No hay pitcher zurdo difícil o derecho fácil... todos son
difíciles y por lo tanto salgo confiando en mí. El año pasado fui el
zurdo que más les conectó a los zurdos. A lo mejor por eso me han
dado un poco más de acción esta vez.
—Y entre los equipos: ¿hay unos más incómodos que otros?
Ninguno es fácil, pero el que más me limita a la ofensiva es
Sancti Spíritus. Ese es un reto a enfrentar.
—¿Cómo ves a tus compañeros?
Como hermanos. Los admiro a todos, desde los más jóvenes hasta
Dánel, que pensaba retirarse este año, no lo hizo porque salió
Osmany, y vean de qué manera está jugando.
—¿Qué siente Henry dirigido por su padre?
Me gusta, aunque también es un poco incómodo, porque siento
presión y una exigencia al máximo por parte de él.
—¿Fuente de inspiración?
Ante todo mi padre, desde que yo era niño y andaba detrás de él
con dos maletines a cuestas.

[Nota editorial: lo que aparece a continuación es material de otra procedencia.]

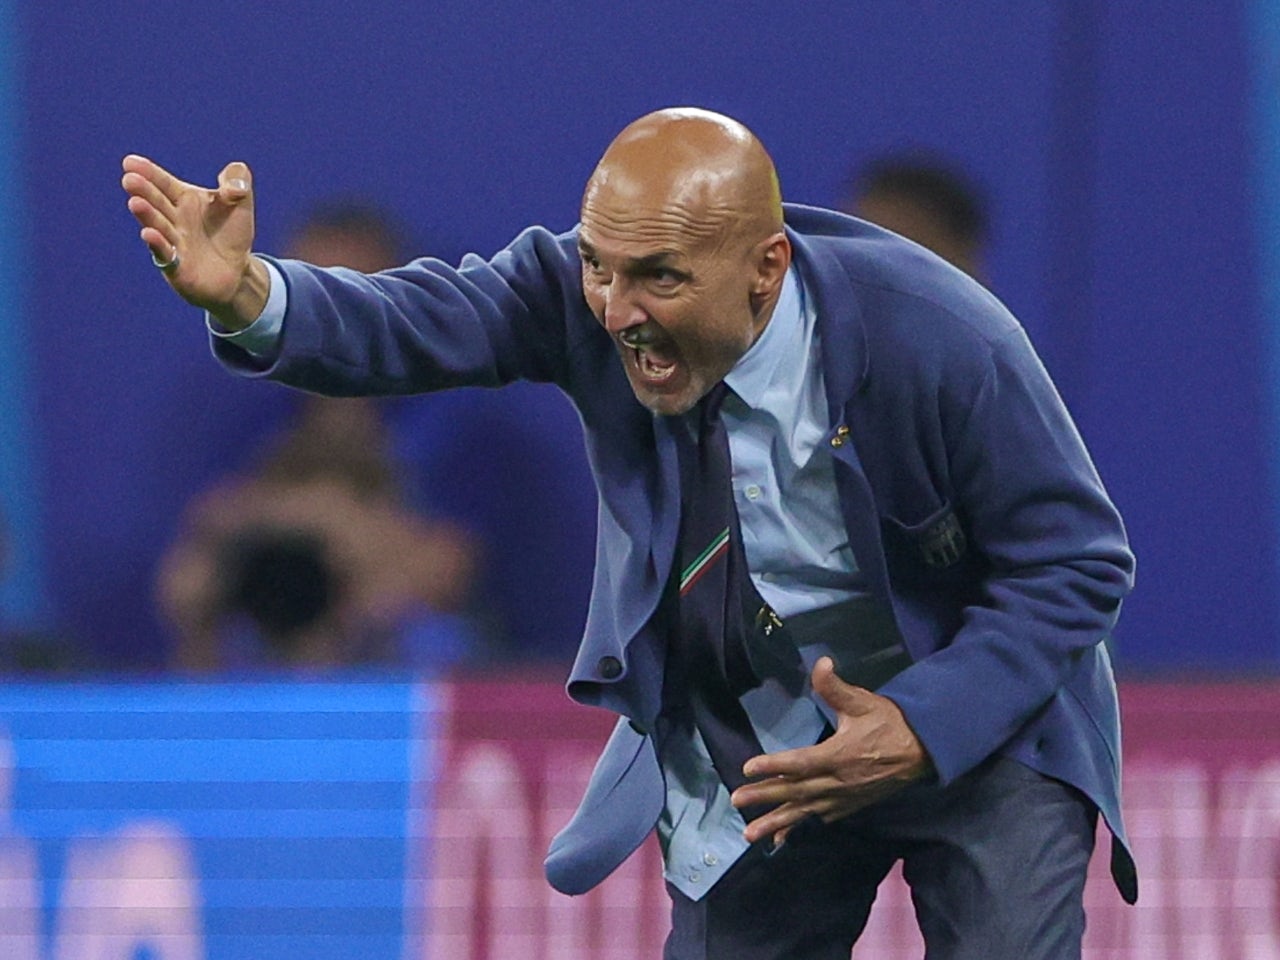 Luciano Spalletti defends tactics after 'timid' Italy display in Croatia draw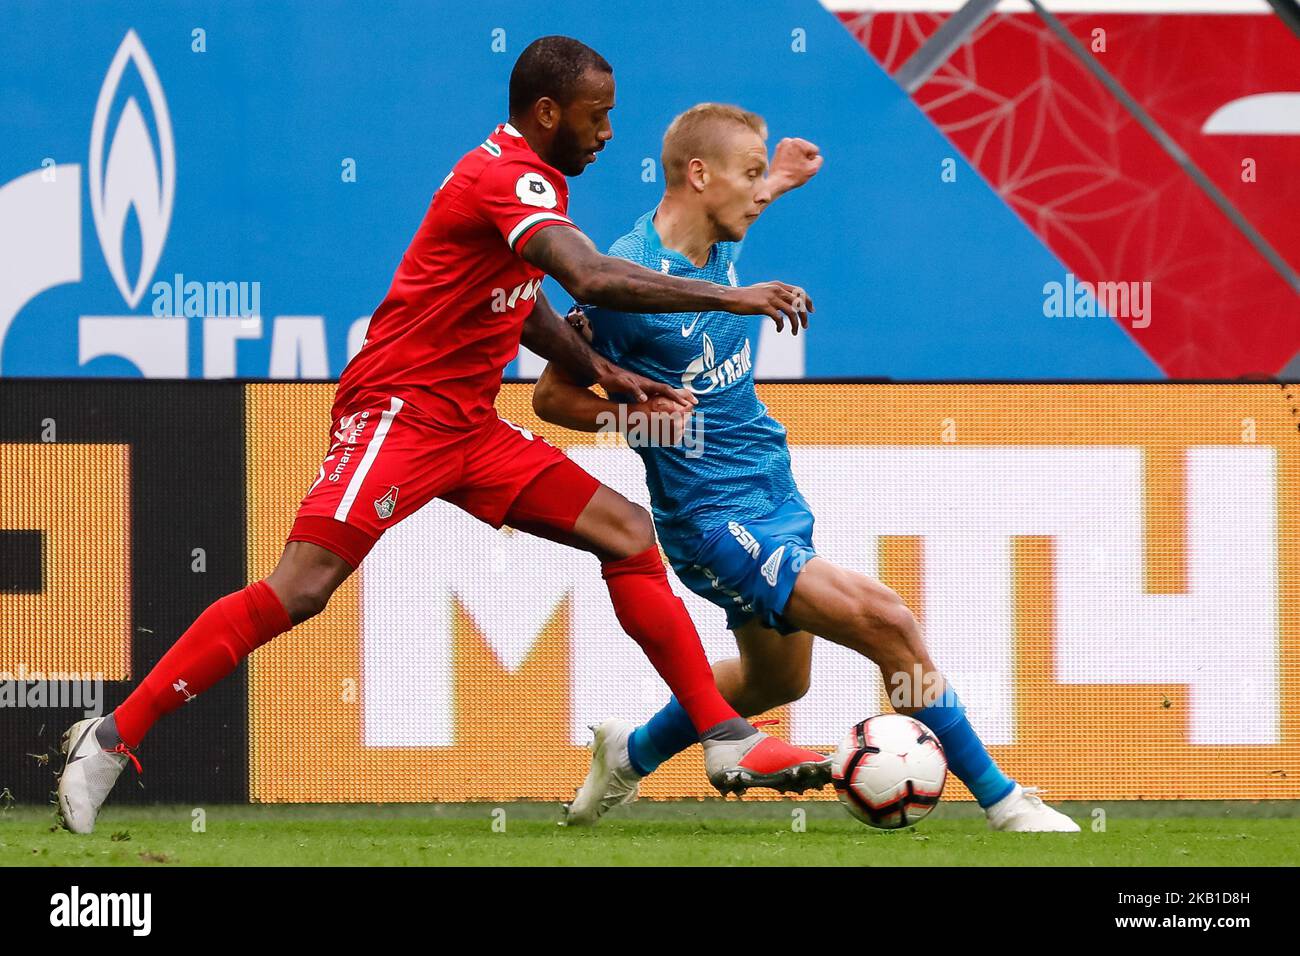 Igor Smolnikov (R) of FC Zenit Saint Petersburg and Manuel Fernandes of FC Lokomotiv Moscow vie for the ball during the Russian Premier League match between FC Zenit Saint Petersburg and FC Lokomotiv Moscow on September 23, 2018 at Saint Petersburg Stadium in Saint Petersburg, Russia. (Photo by Mike Kireev/NurPhoto) Stock Photo

Pero si tuviera que mencionar a un
pelotero que siempre me ha gustado diría Luis Ulacia: muy completo
en el terreno e impredecible para los lanzadores.
—En cuanto al público: ¿Existe cuando empuñas el bate, o no?
Claro que existe. El equipo de Las Tunas tiene un público
excepcional, que nos quiere y pide más. Ahora bien, cuando me paro a
batear pienso en mí, en mi equipo, en mi familia...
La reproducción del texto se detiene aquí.